> **Data provided**:
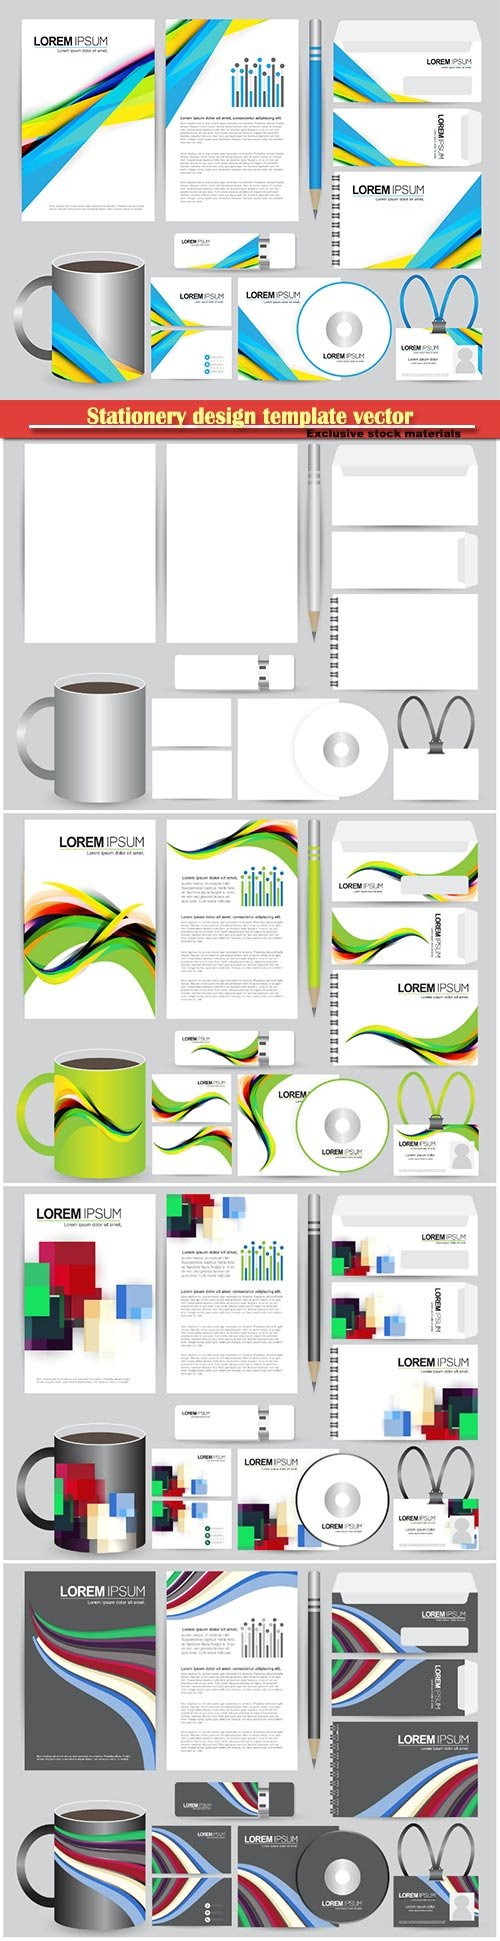 Stationery design template vector illustration
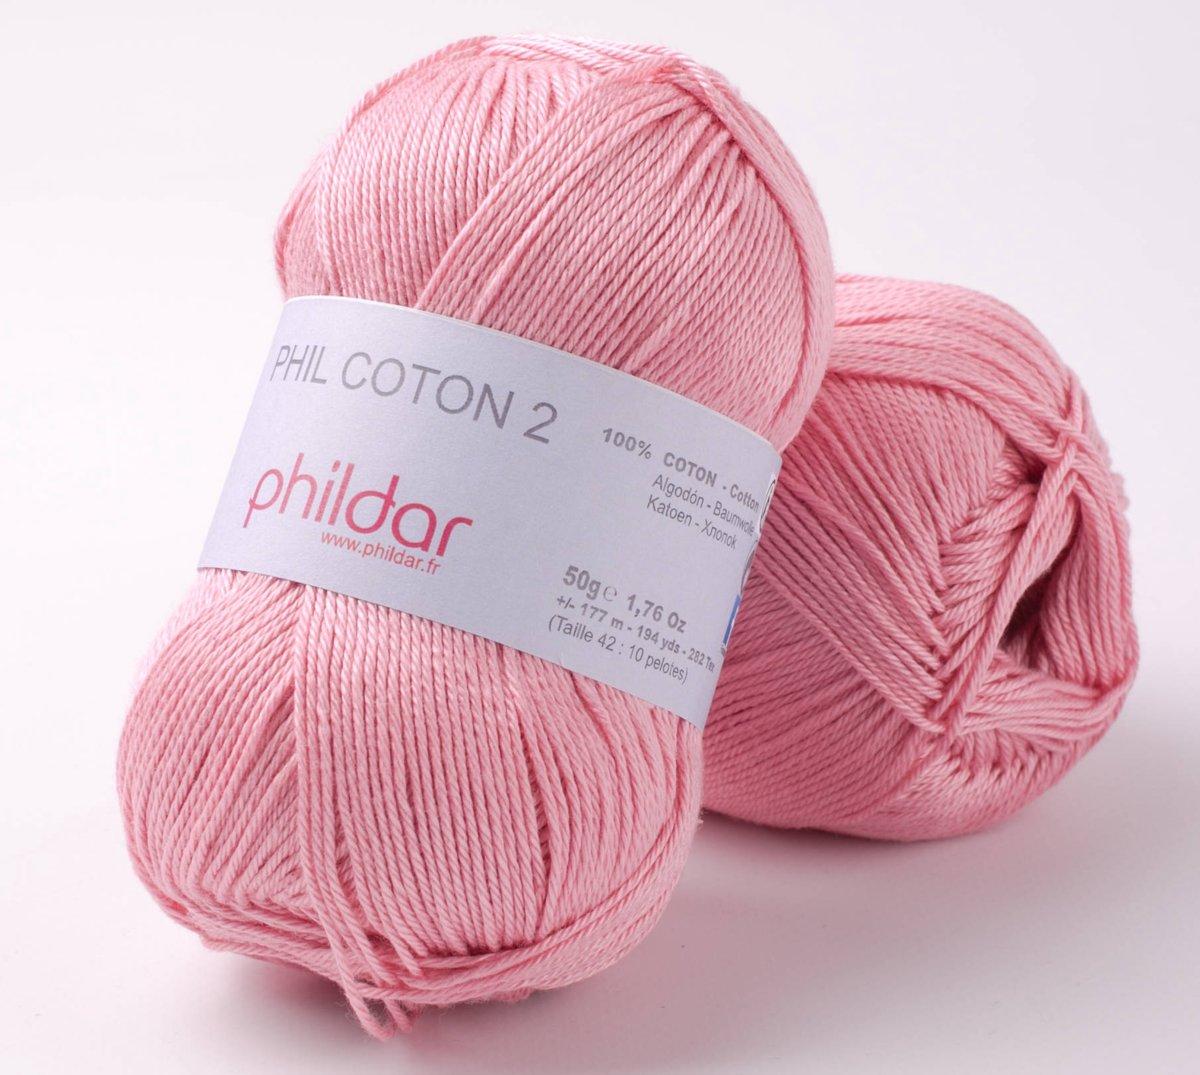 Phildar Phil Coton 2  meringue 10 x 50 gram kopen
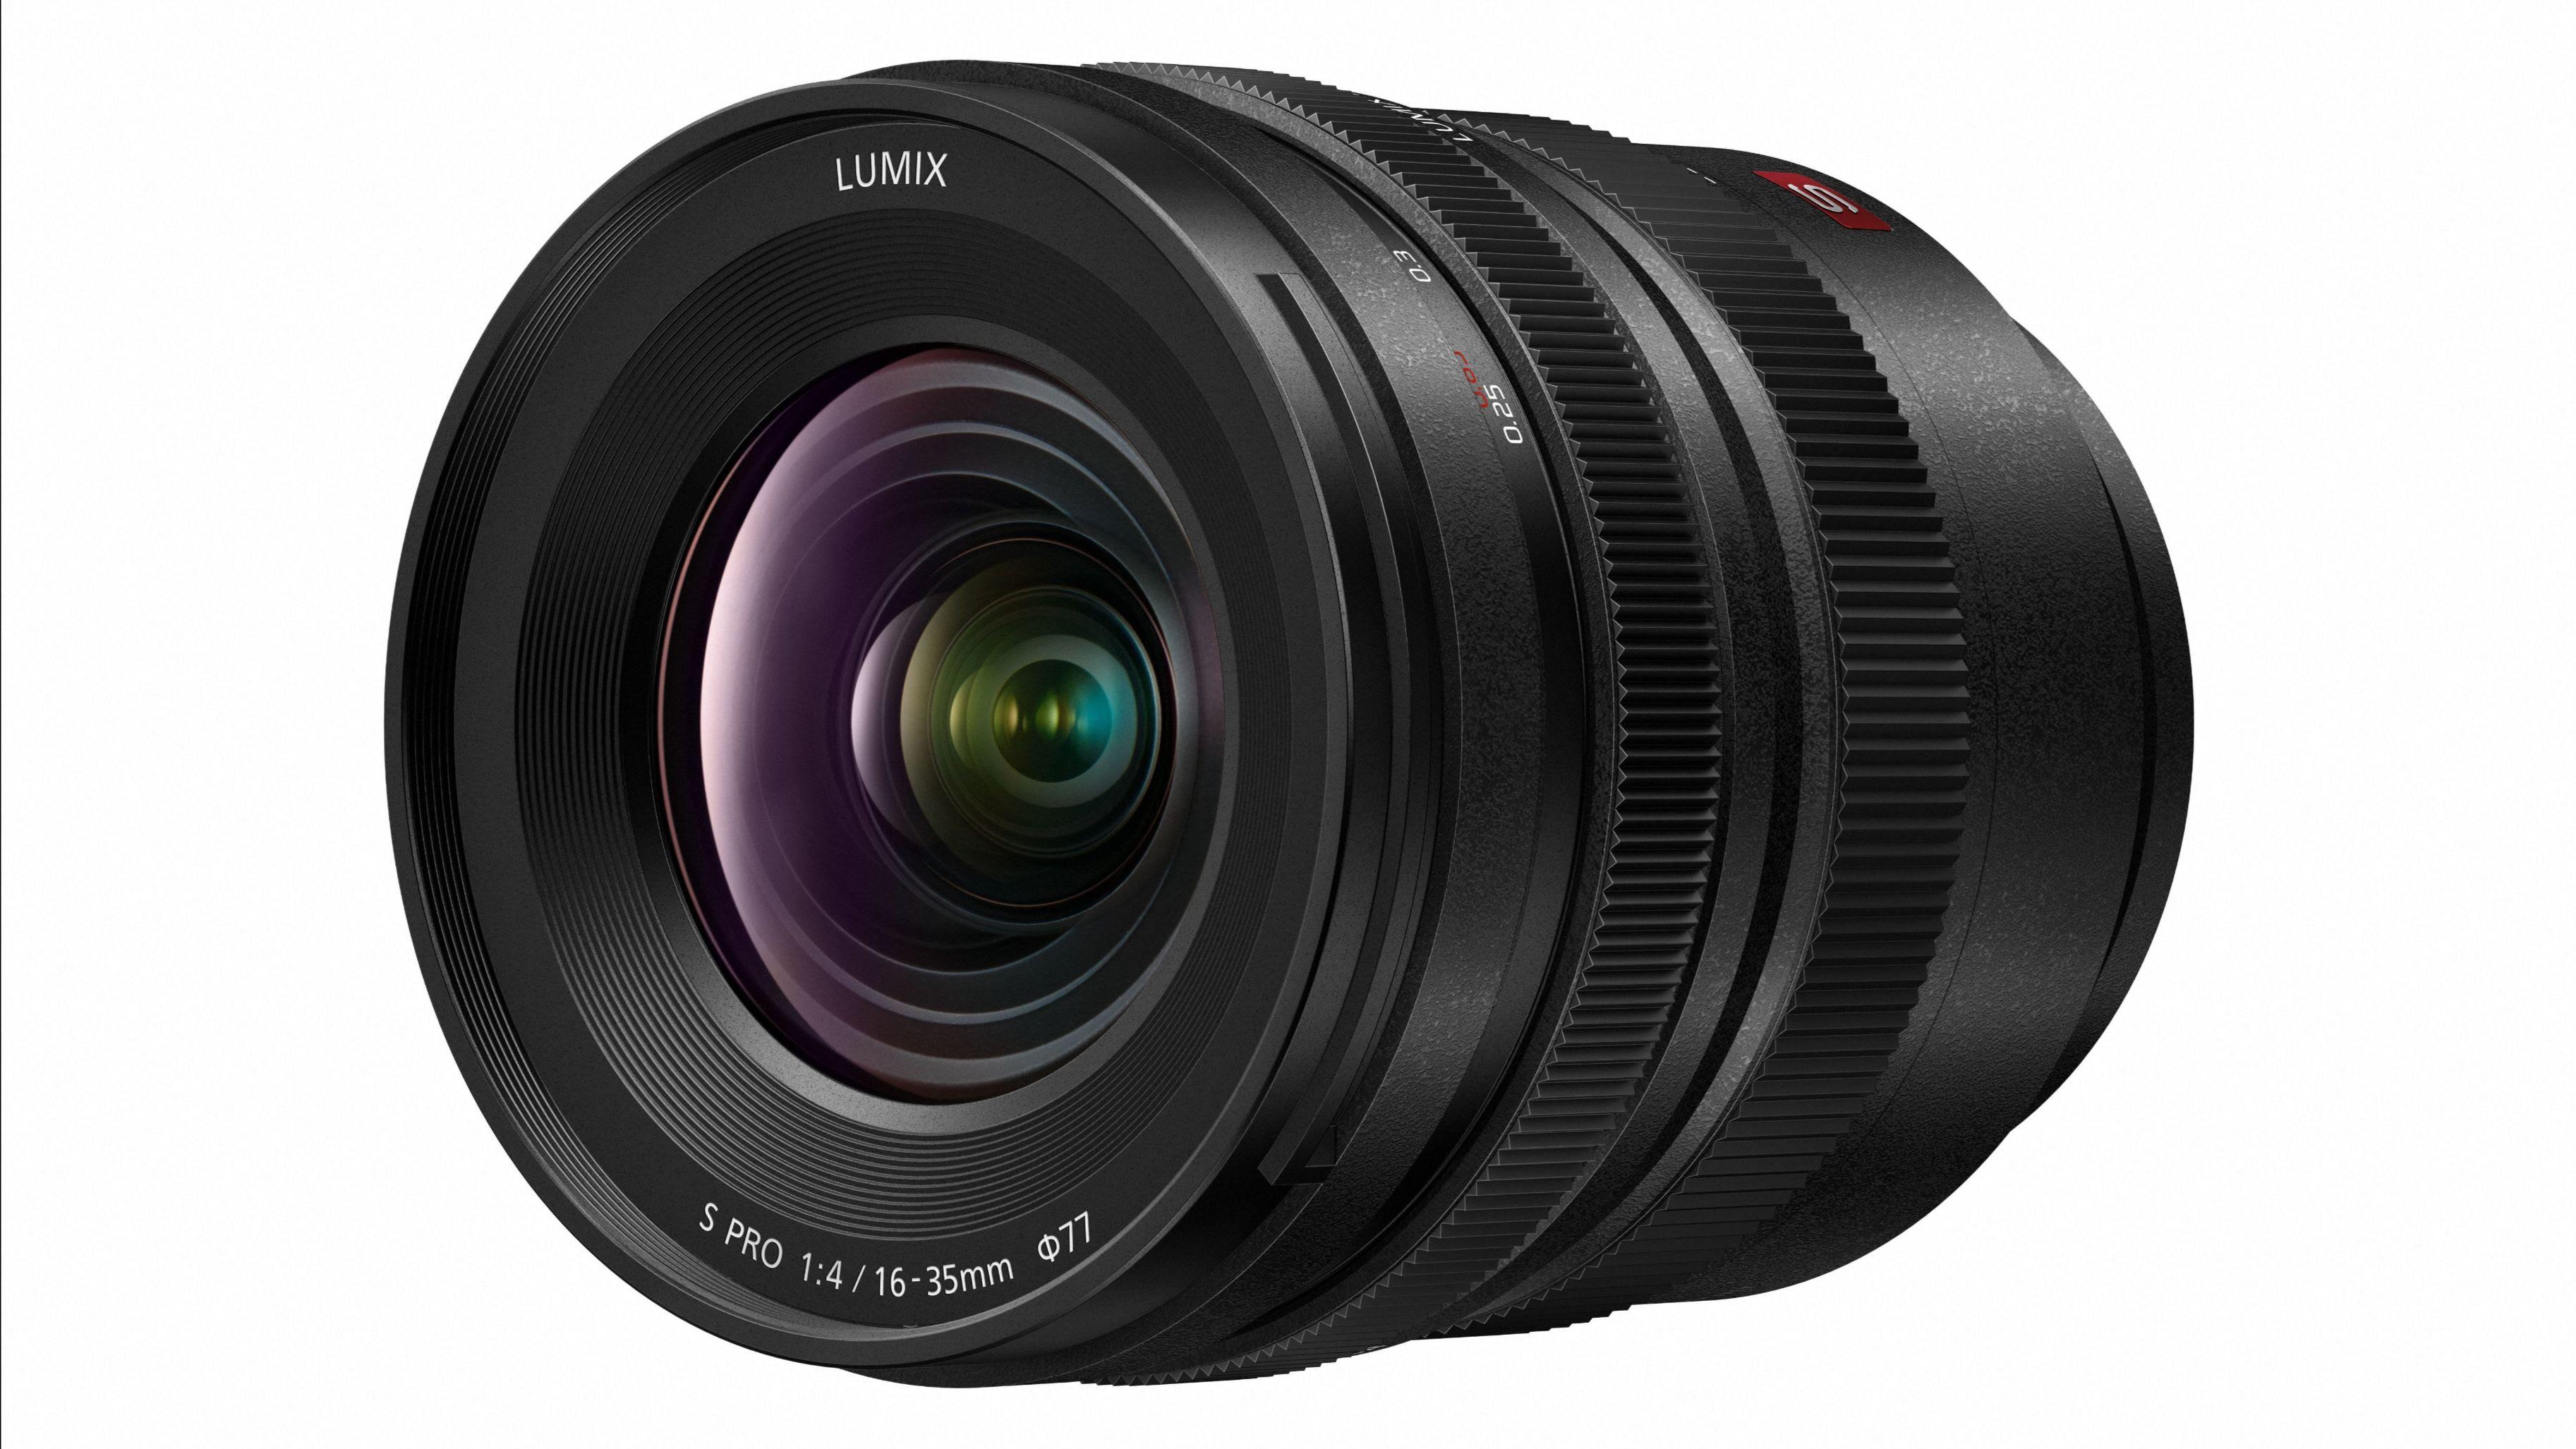 Nota de Prensa - Panasonic lanza dos nuevos objetivos intercambiables L-Mount para la serie LUMIX S Full-Frame sin espejo

> **Task to carry out**:
Your task is to quote exactly the lines from the one with "Phildar Phil Coton" through the end of the material, both included, without reproducing any pictures.

> **Completed exercise**:
 Phildar Phil Coton 2  meringue 10 x 50 gram kopen
 Nota de Prensa - Panasonic lanza dos nuevos objetivos intercambiables L-Mount para la serie LUMIX S Full-Frame sin espejo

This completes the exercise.